Return only the lines of the data below from the line with "Marco Polo Outdoor Guide" up to and including the line with "Ya funciona la", exactly as written, with the pictures omitted.

> **EXTRACTED RECORDS**
---------------

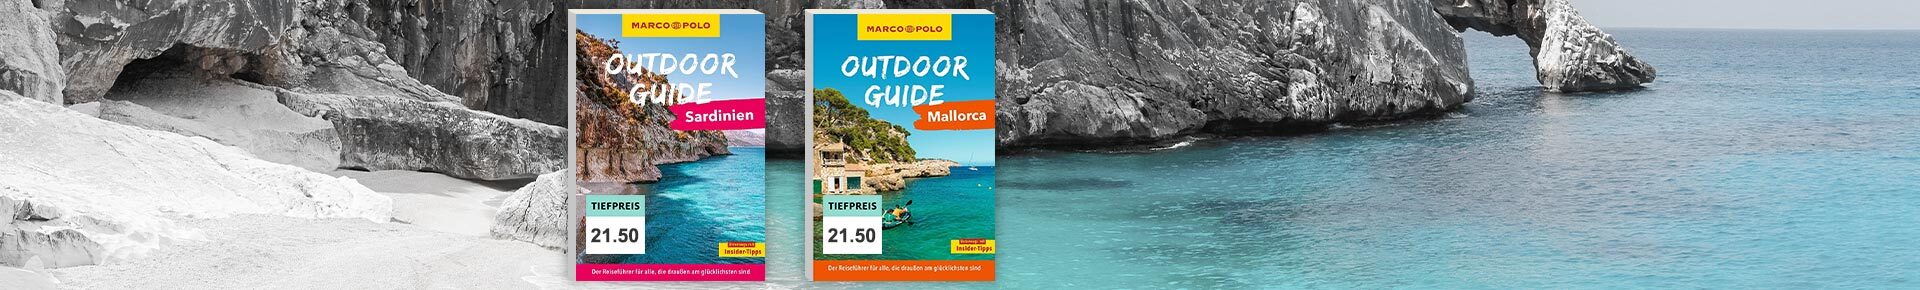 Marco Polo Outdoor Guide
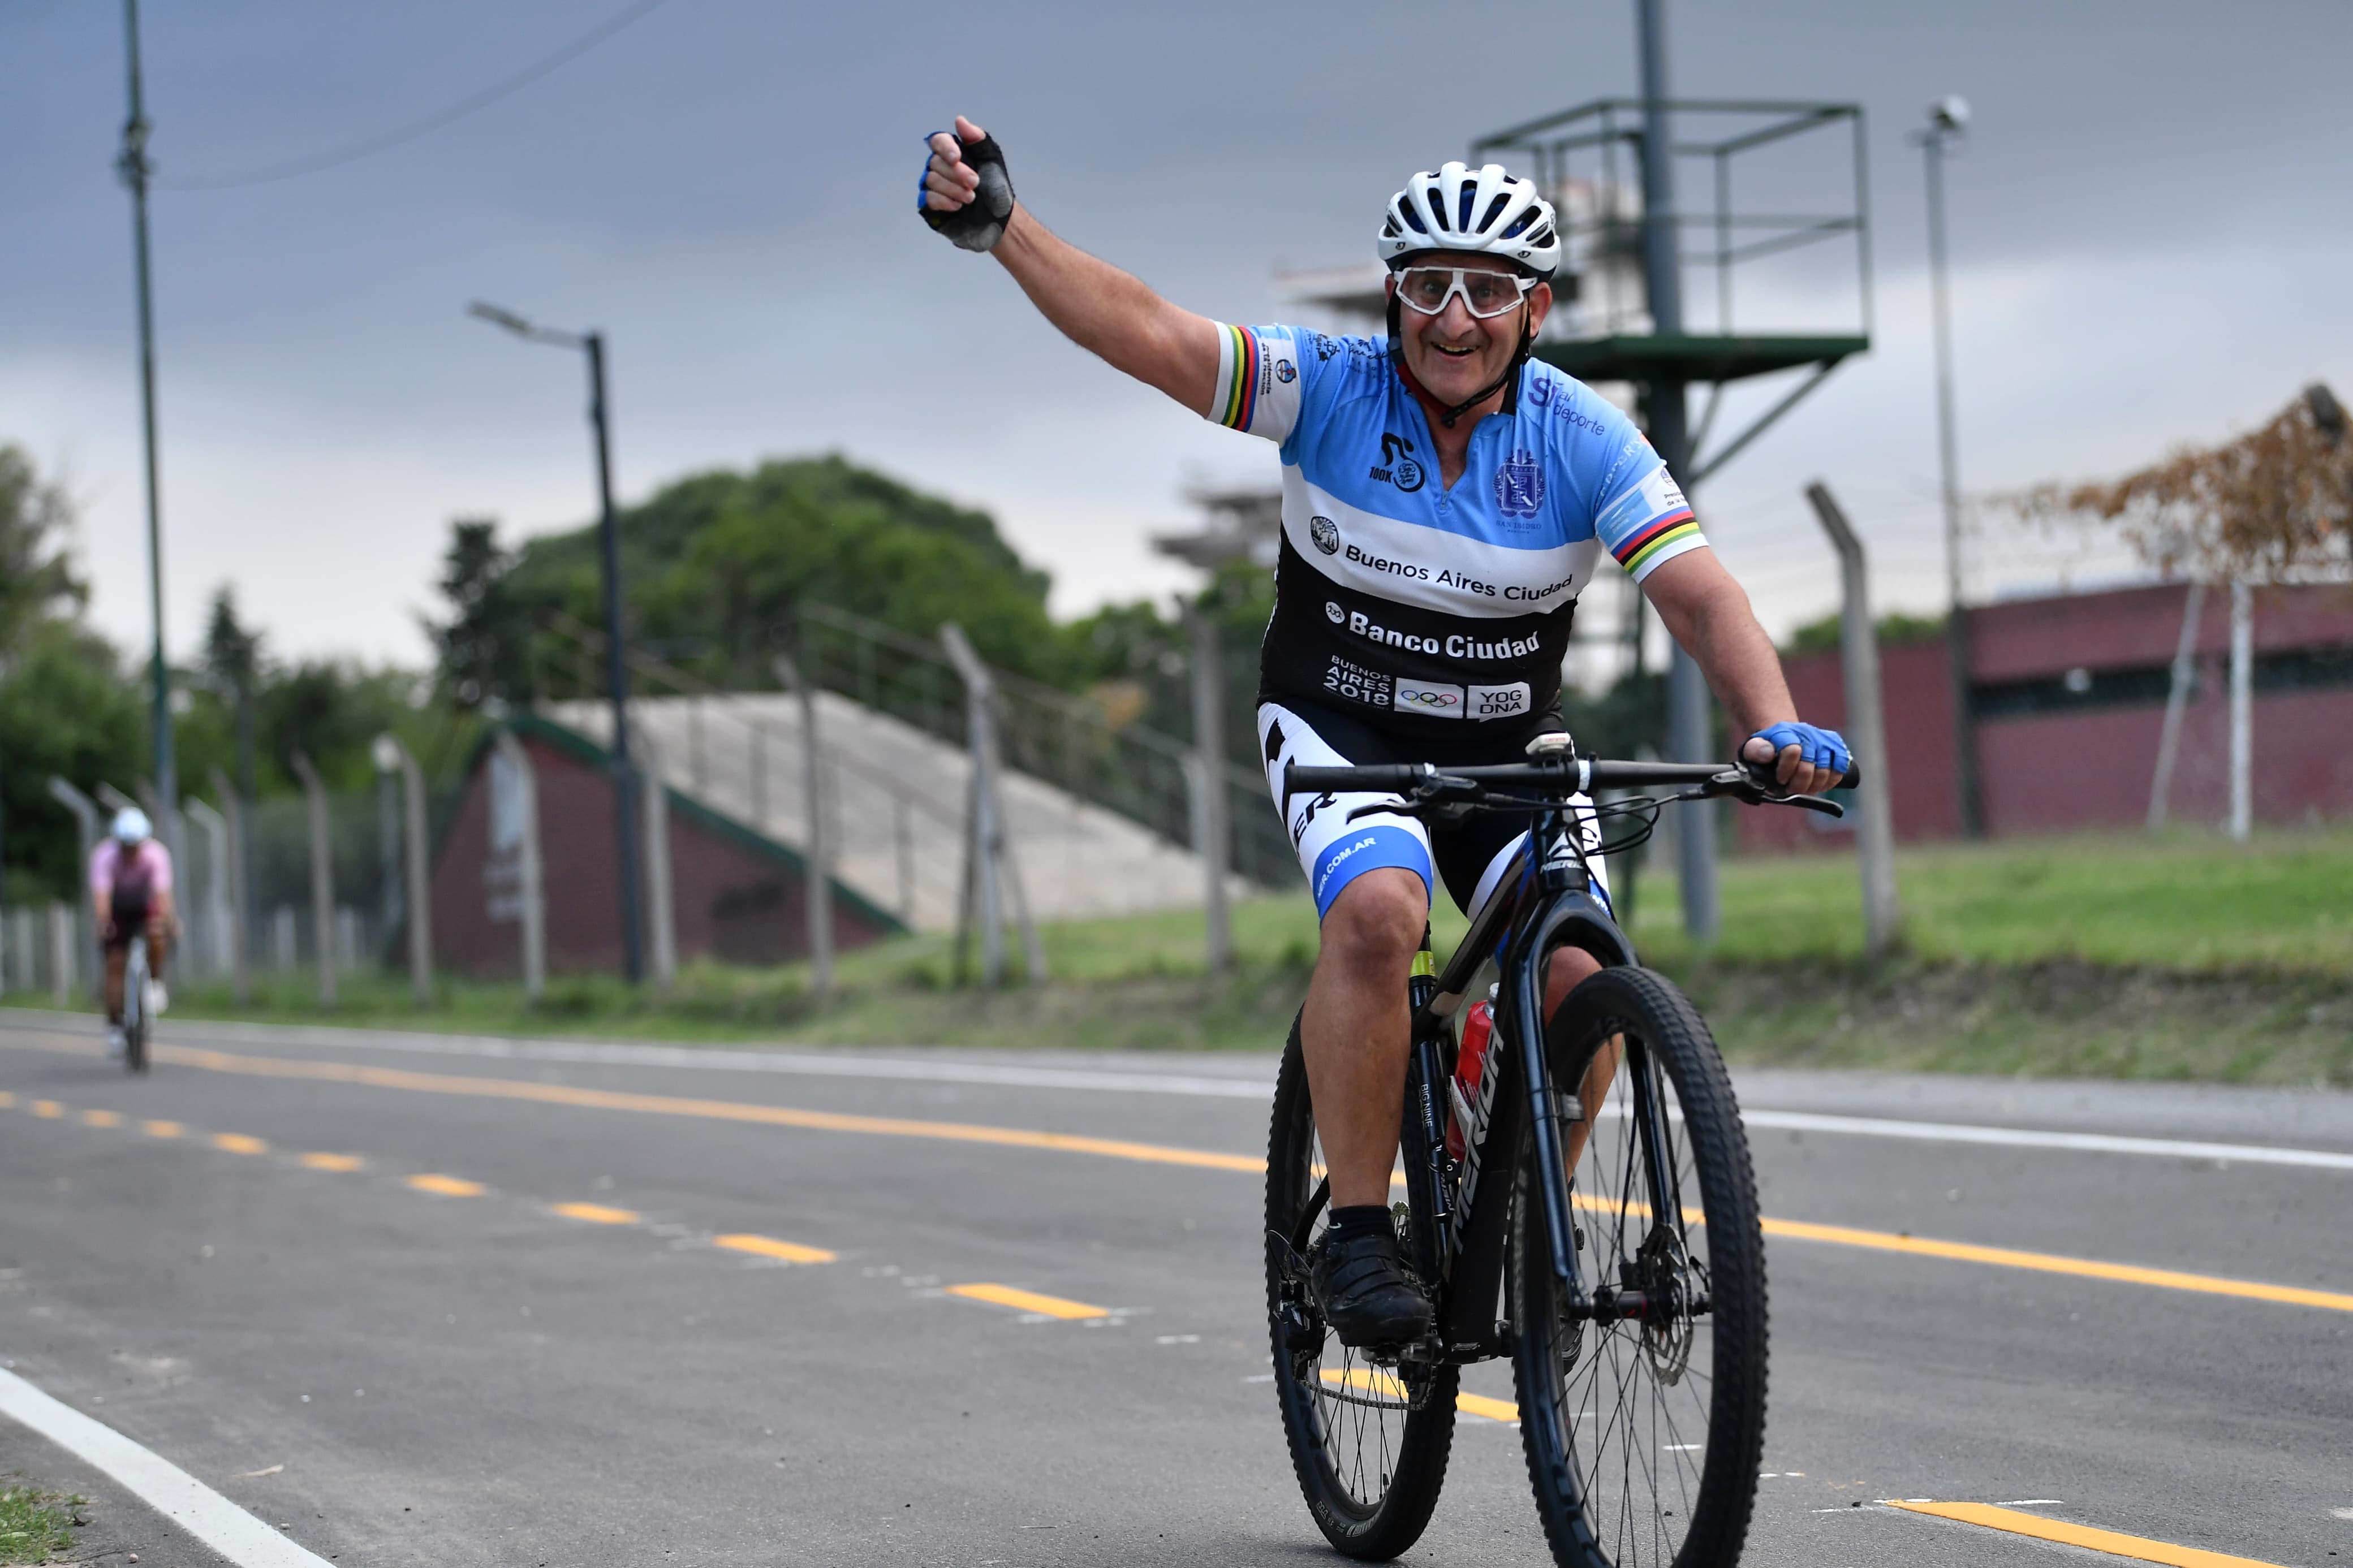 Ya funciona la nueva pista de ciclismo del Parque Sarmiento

---------------

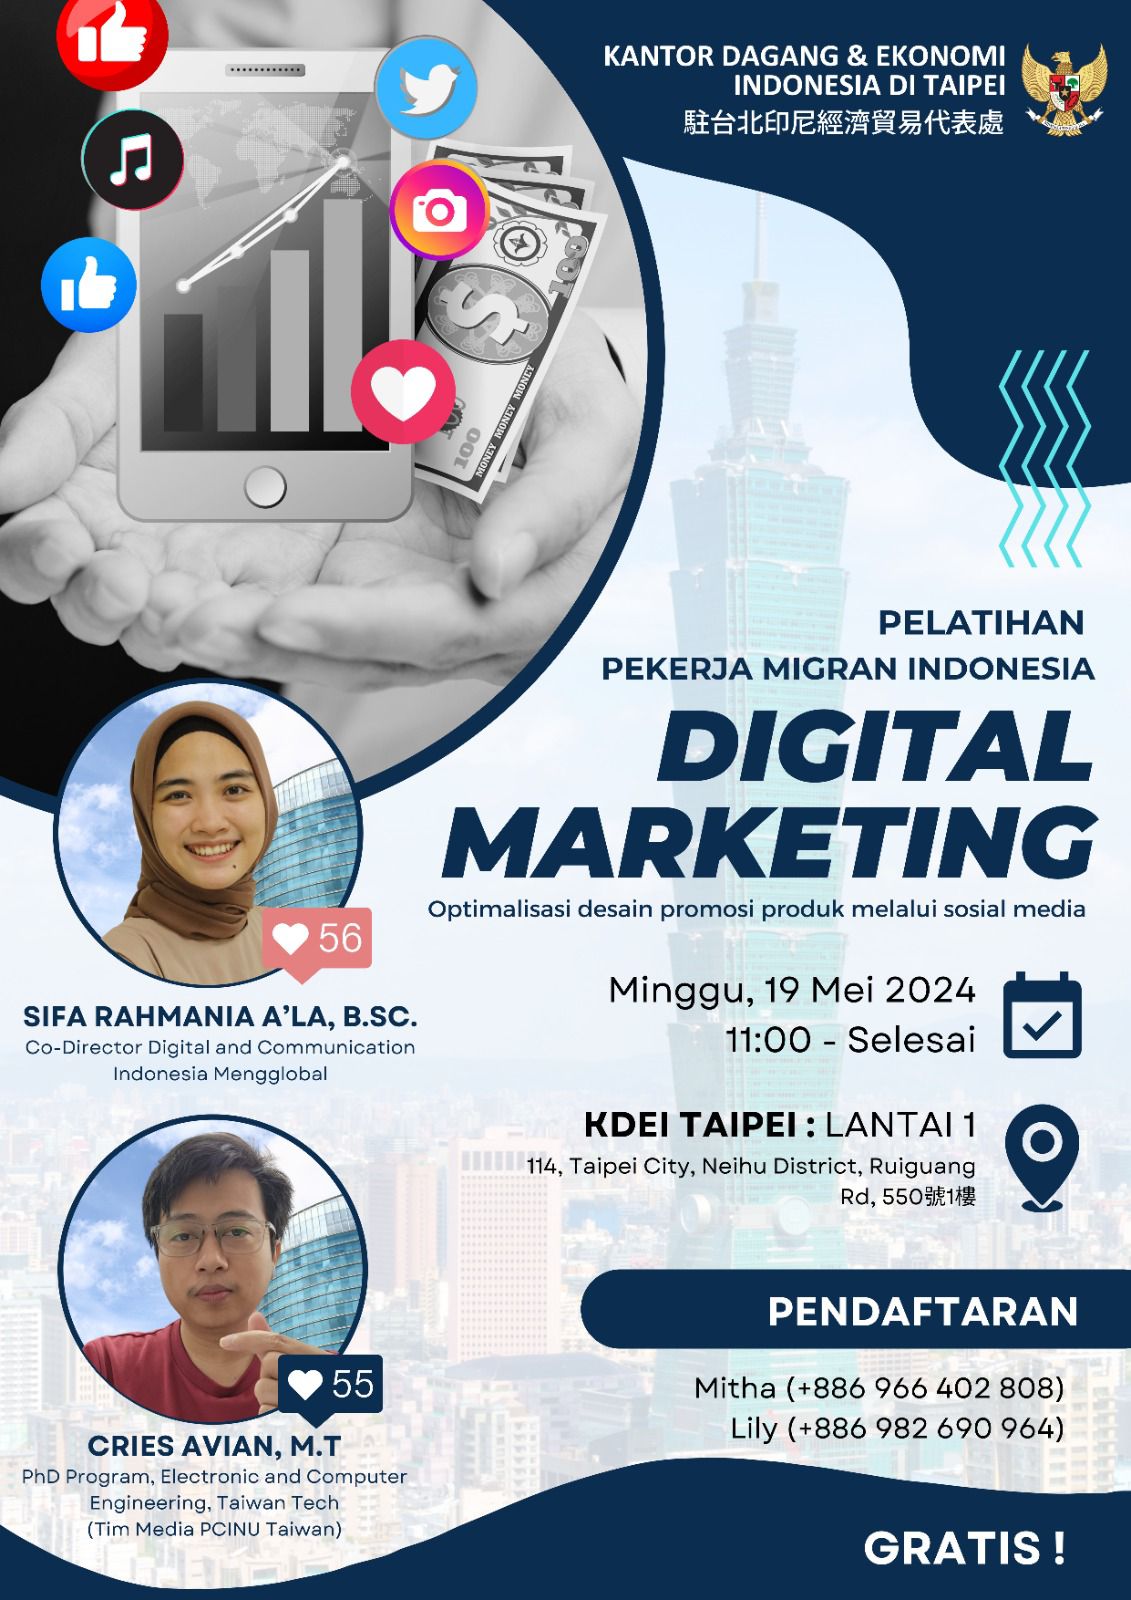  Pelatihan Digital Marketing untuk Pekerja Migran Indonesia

---------------

> **ANSWER SPACE**
 Marco Polo Outdoor Guide
 Ya funciona la nueva pista de ciclismo del Parque Sarmiento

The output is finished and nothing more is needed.